Snell & Wilmer by Warren E. Platt, Donald D. Colburn, Robert C. Bates, Phoenix, for petitioners.

Charles F. Hyder, Maricopa County Atty., Beer & Kalyna, P. C. by Donald P. Roelke, Paul Beer, Phoenix, for respondents Maricopa County, Maricopa County Assessor, Maricopa County Board of Supervisors, Arizona Department of Revenue and Arizona State Board of Property Tax Appeals.

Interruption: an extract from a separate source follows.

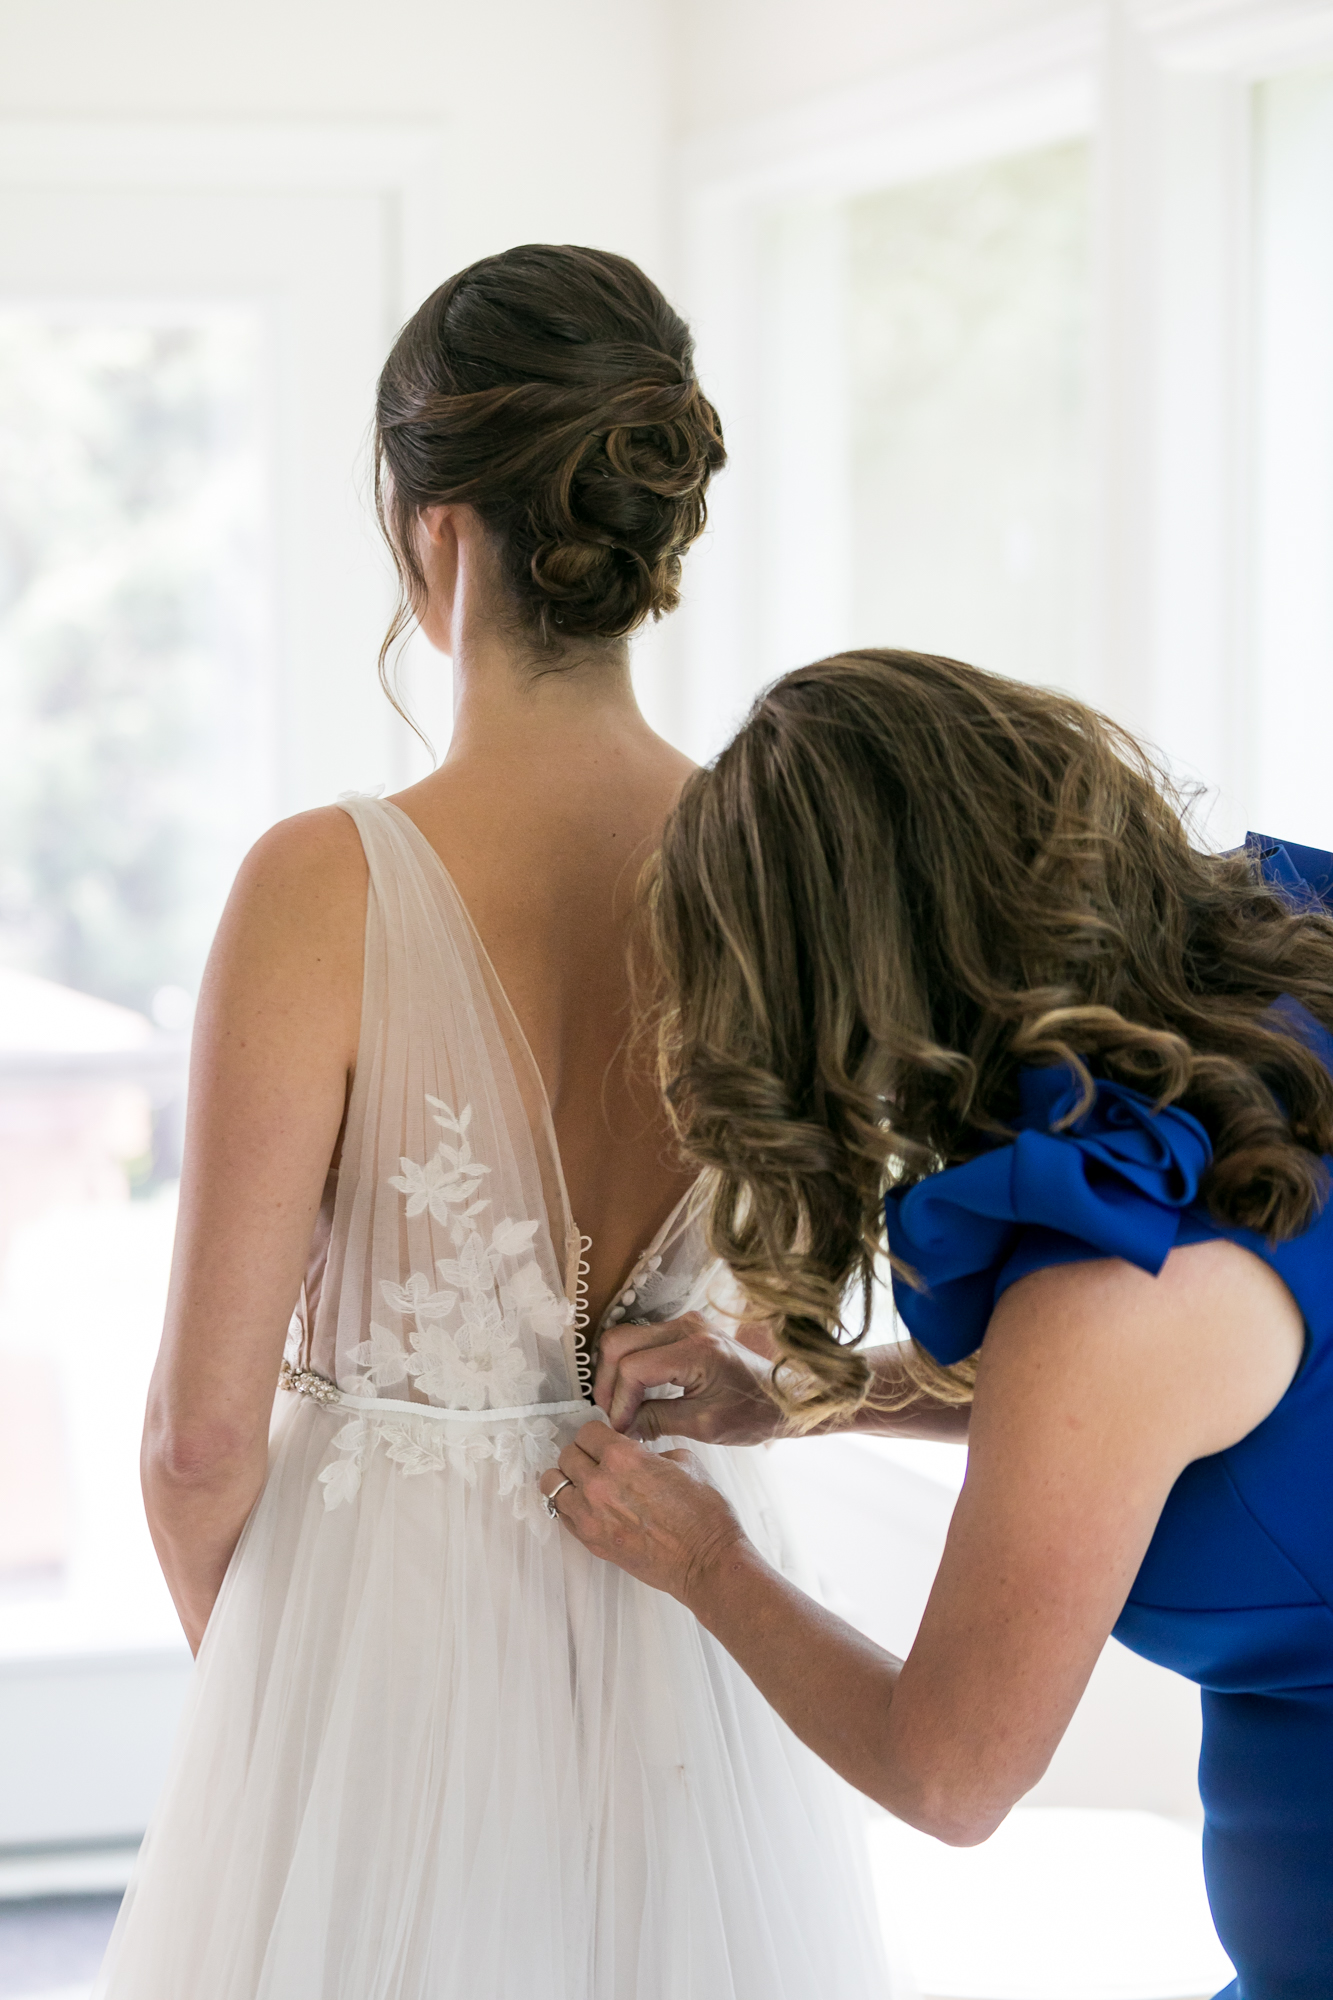 Mother of the bride helps the bride tie up her wedding dress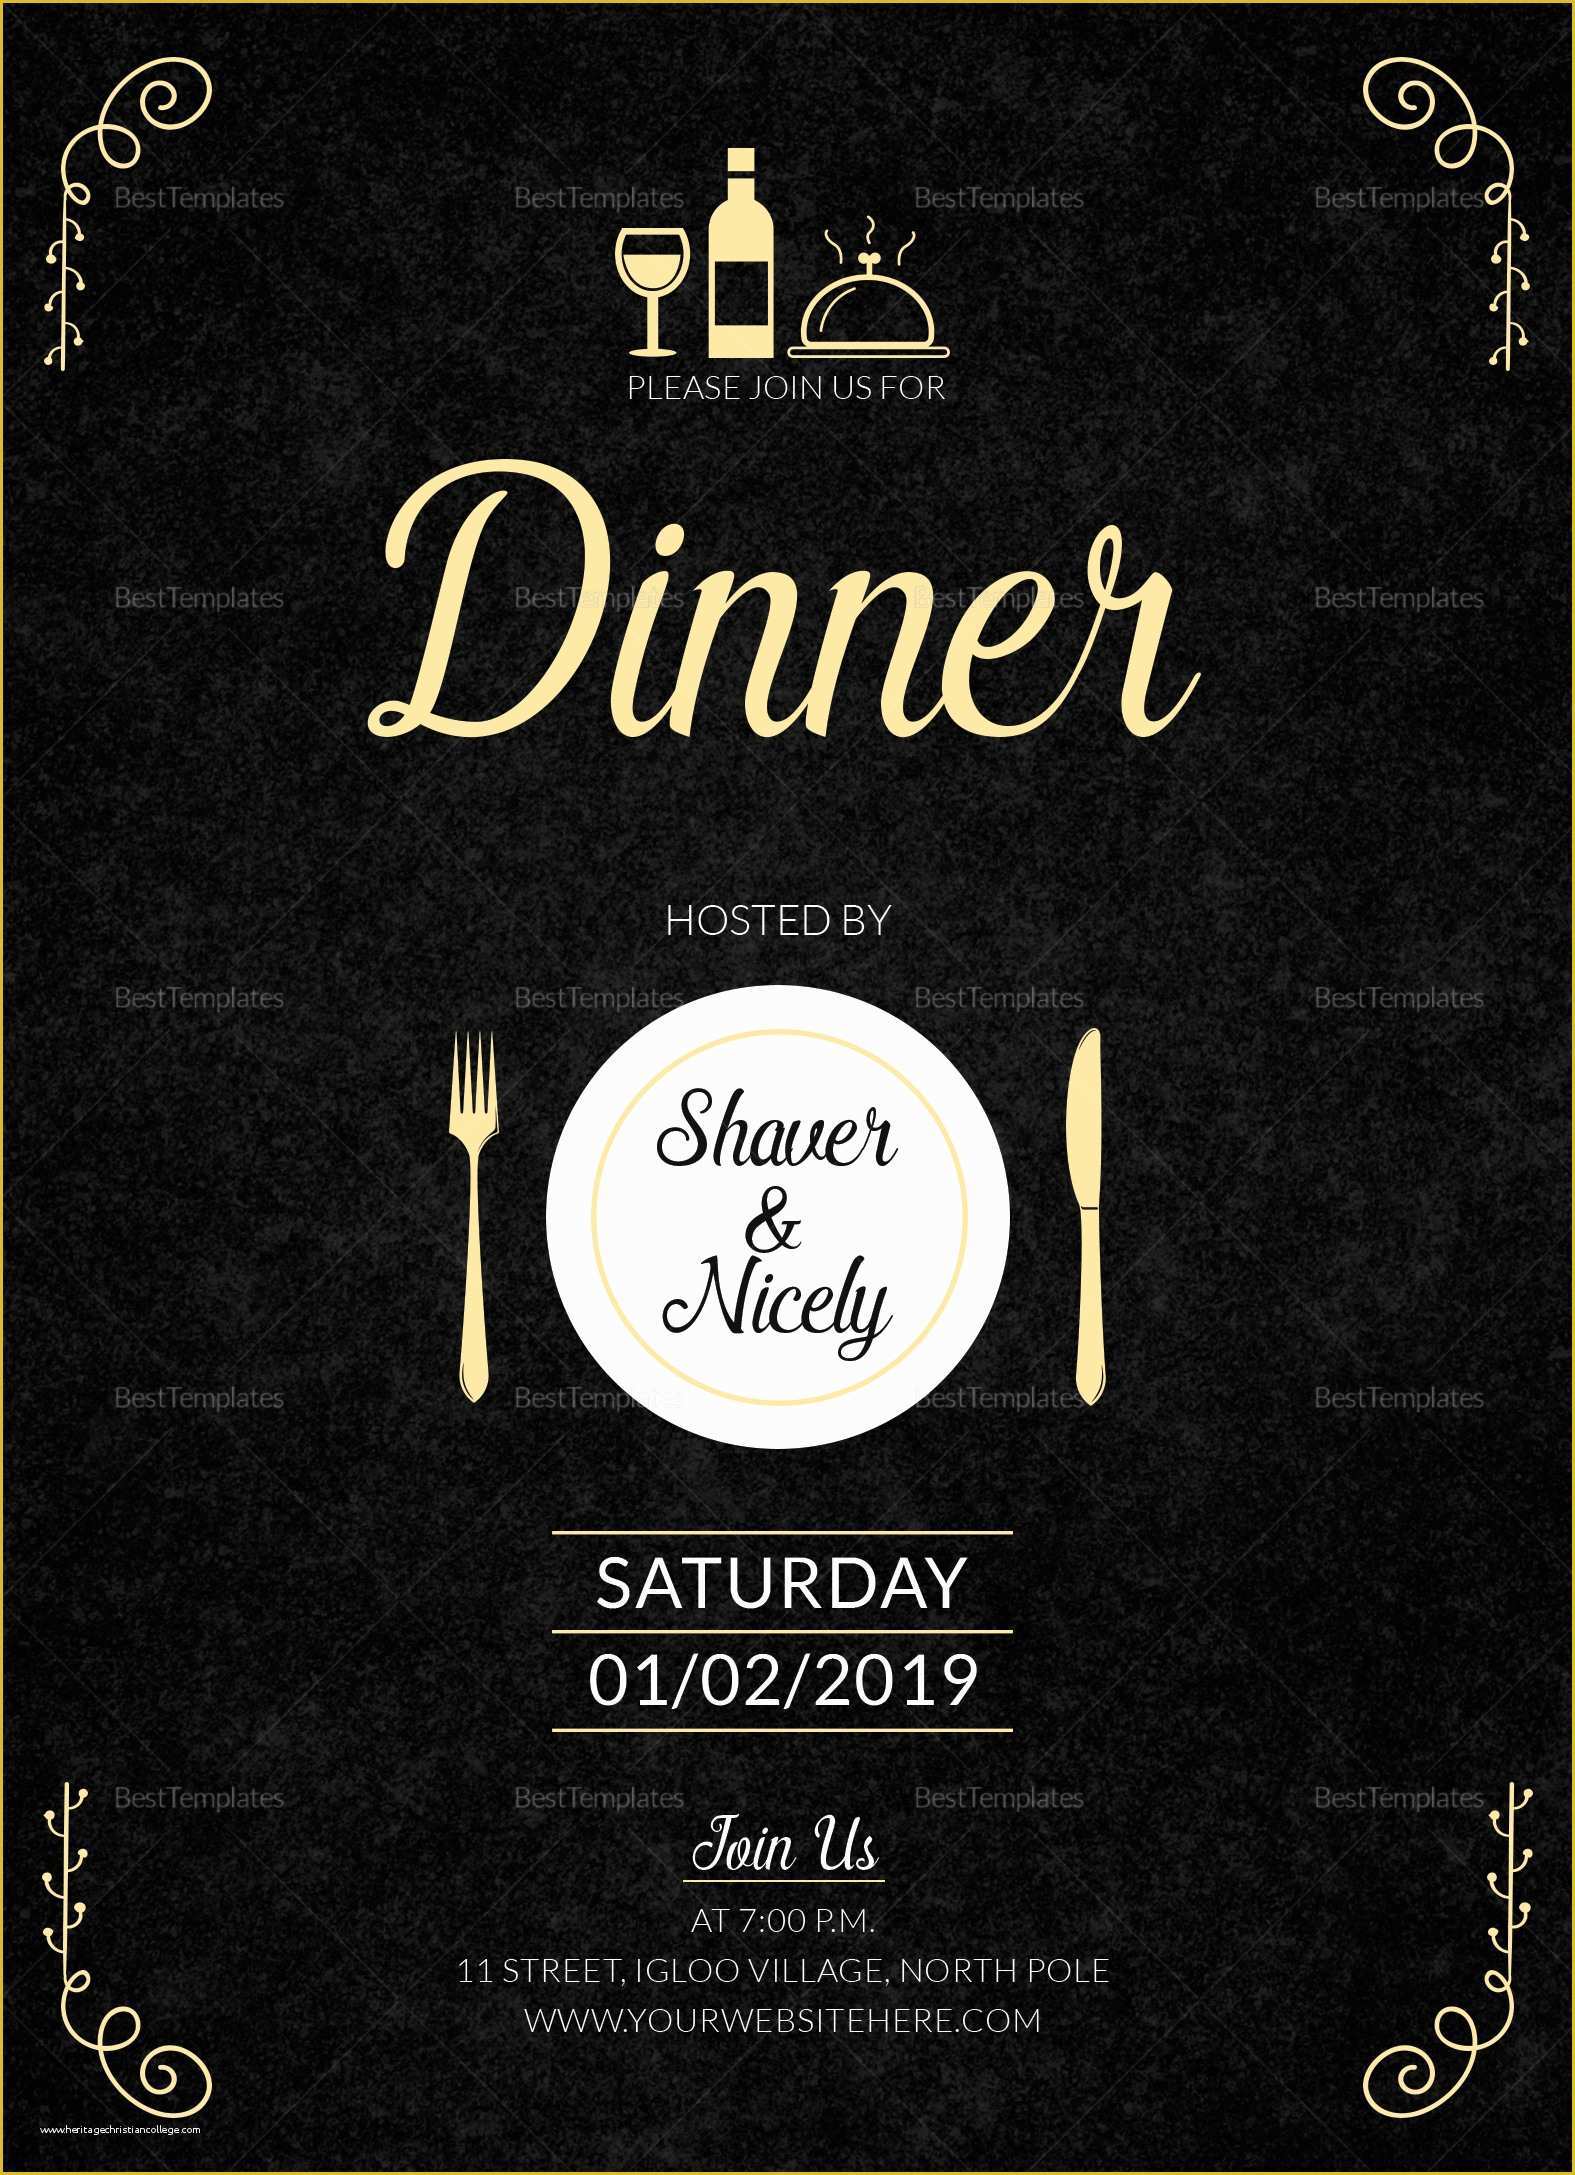 Dinner Invitation Card Template Free Of Dinner Invitation Card Design Template In Word Psd Publisher

Tanner, Jarvis & Owens by Wallace 0. Tanner, Phoenix, for respondent Westmoreland II Investors.

CAMERON, Chief Justice.

This is a special action brought jointly by the owners of four shopping centers to stay *224a court order compelling disclosure by the Maricopa County Assessor of allegedly confidential information given to the assessor for the purposes of determining the value of petitioners’ properties. We have jurisdiction pursuant to the Ariz.Const., art. 6, § 5(4).

The facts necessary for a determination of this matter on appeal are as follows. All real property in the State of Arizona is required to be valued at “full cash value” or its “market value.” A.R.S. § 42-227. See Burns v. Herberger, 17 Ariz.App. 462, 468 P.2d 536 (1972). In determining what is full cash or market value, three methods of assessment are used. First is the cost replacement method, that is, the initial value or cost of the property plus appreciation and less depreciation. Second is the market data method, that is, the value as determined from recent sales of comparable properties in the same market. Because there are not many sales of shopping centers and because of the many differences between shopping center size, age and location, the market value approach is not normally used for this kind of property. Third is the income approach method determined by the property’s net earning power based on the capitalization of the net income. See Burns v. Herberger, supra. In Maricopa County, the initial valuation of a new shopping center is done by the cost method. The third method, the income approach, is frequently used after a shopping center has been in operation long enough to make this method feasible. The information and data necessary to perform an income analysis is solely with the possession of the owner of the shopping center and this information must be provided by the owner to the assessor before the assessor can perform an income analysis and arrive at a market value based upon the income method. That this method can be advantageous for some shopping centers is indicated by respondents’ memorandum which states that one of the petitioners had its valuation reduced from $15.15 per square foot to $7.82 per square foot by use of the income method as opposed to the cost replacement method. Information concerning the gross income as well as the terms of a center’s lease and rental agreements with its stores are of value to competitors. The Assessor’s Office represents to the owners that this information is presented to the assessor in confidence.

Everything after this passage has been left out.